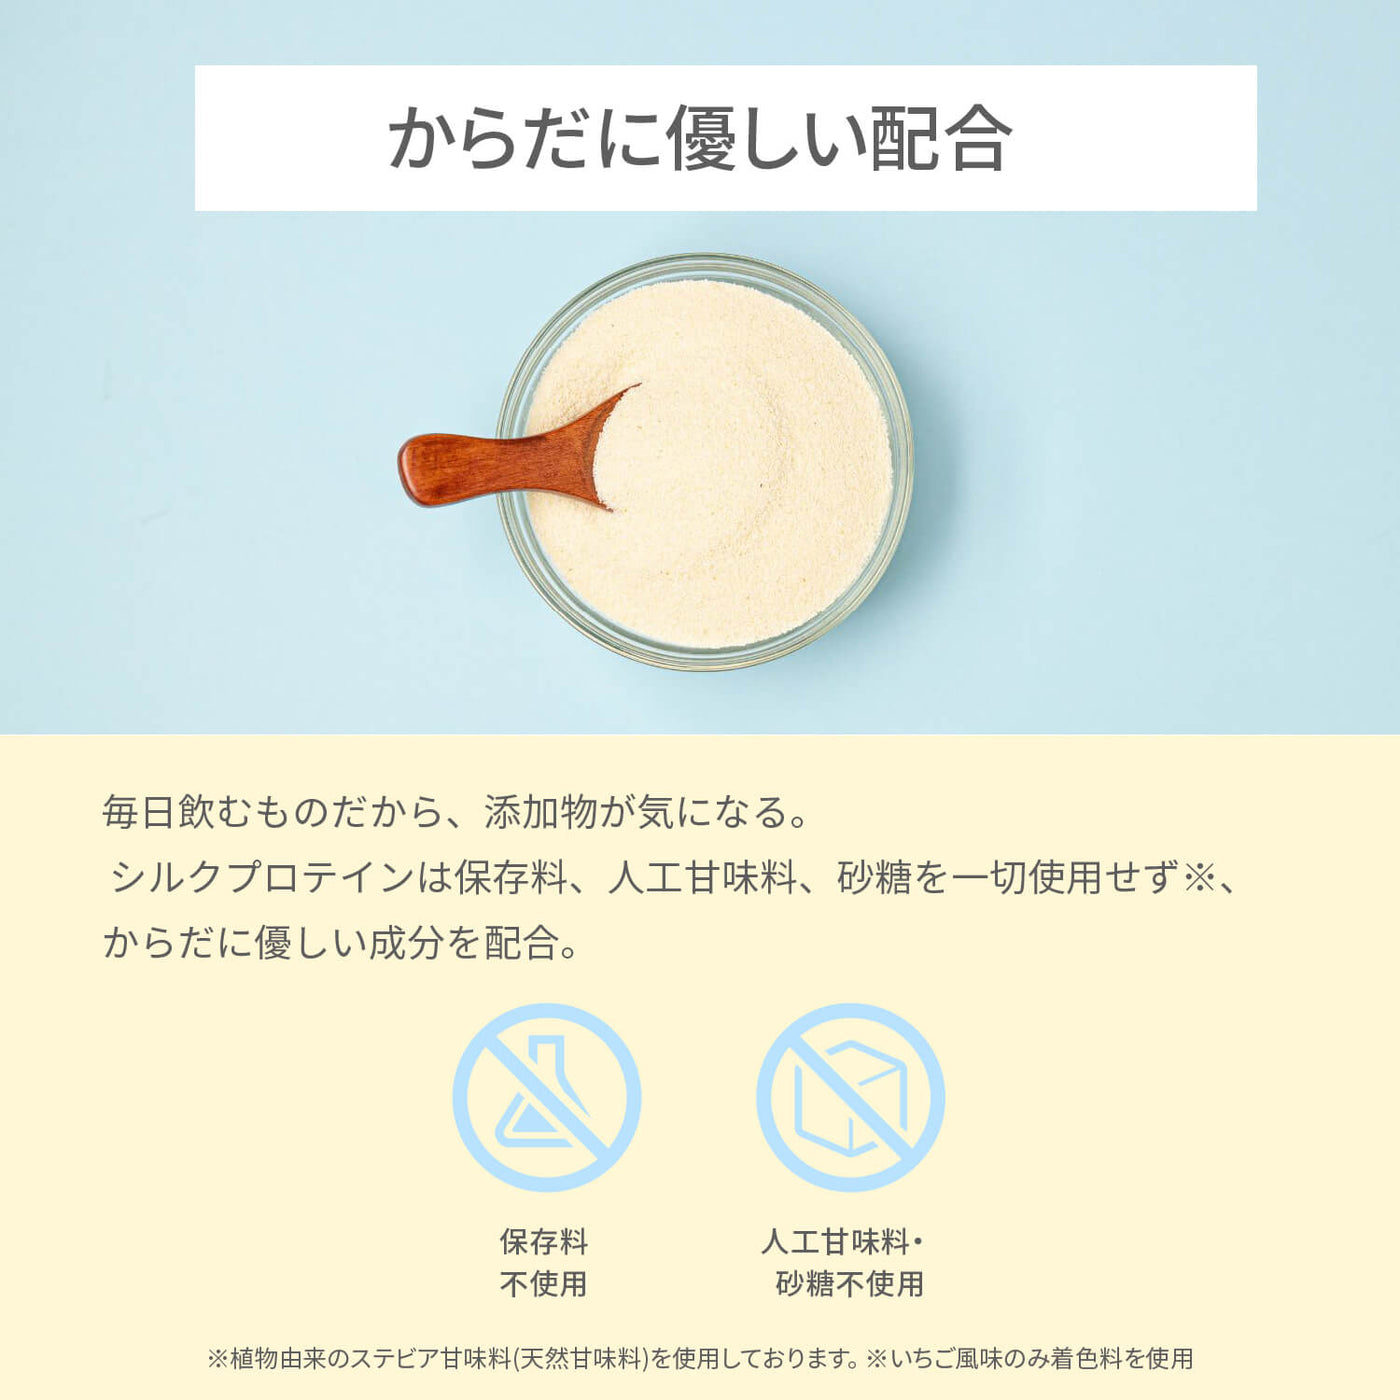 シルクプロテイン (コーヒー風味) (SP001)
----------------
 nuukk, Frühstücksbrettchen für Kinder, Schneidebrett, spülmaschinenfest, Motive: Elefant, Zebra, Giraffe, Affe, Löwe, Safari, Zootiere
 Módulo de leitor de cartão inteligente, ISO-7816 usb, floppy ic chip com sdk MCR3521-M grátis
----------------
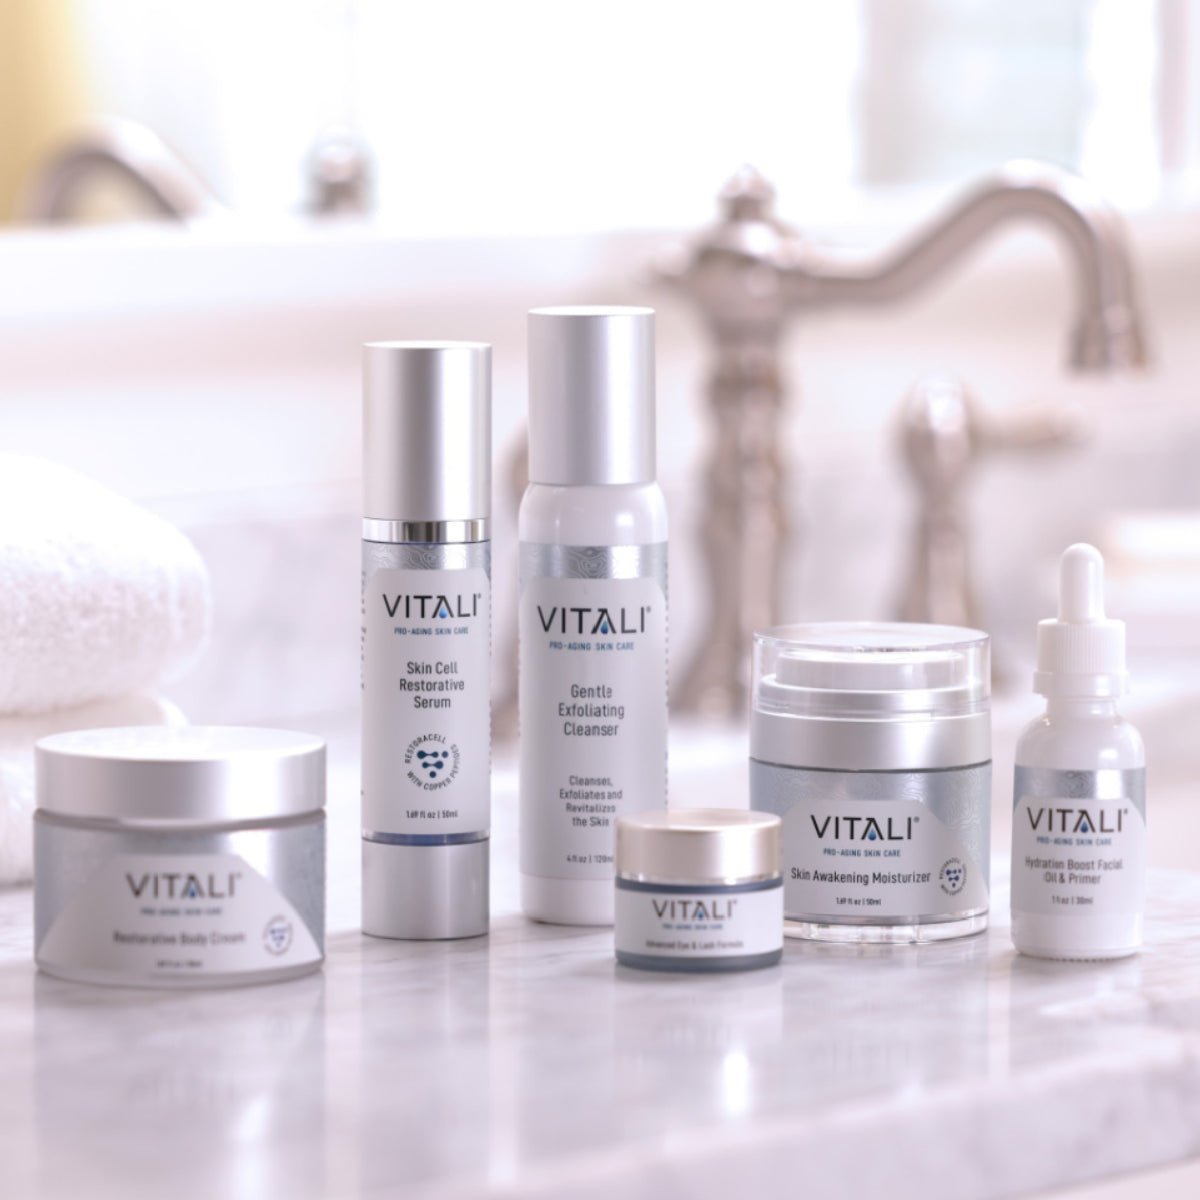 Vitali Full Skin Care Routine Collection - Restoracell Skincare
----------------
Task to carry out.
For this exercise, repeat exactly the lines of the data above from the one with "nuukk, Frühstücksbrettchen für" down to the one with "Módulo de leitor", both end lines included.

Solved problem.
 nuukk, Frühstücksbrettchen für Kinder, Schneidebrett, spülmaschinenfest, Motive: Elefant, Zebra, Giraffe, Affe, Löwe, Safari, Zootiere
 Módulo de leitor de cartão inteligente, ISO-7816 usb, floppy ic chip com sdk MCR3521-M grátis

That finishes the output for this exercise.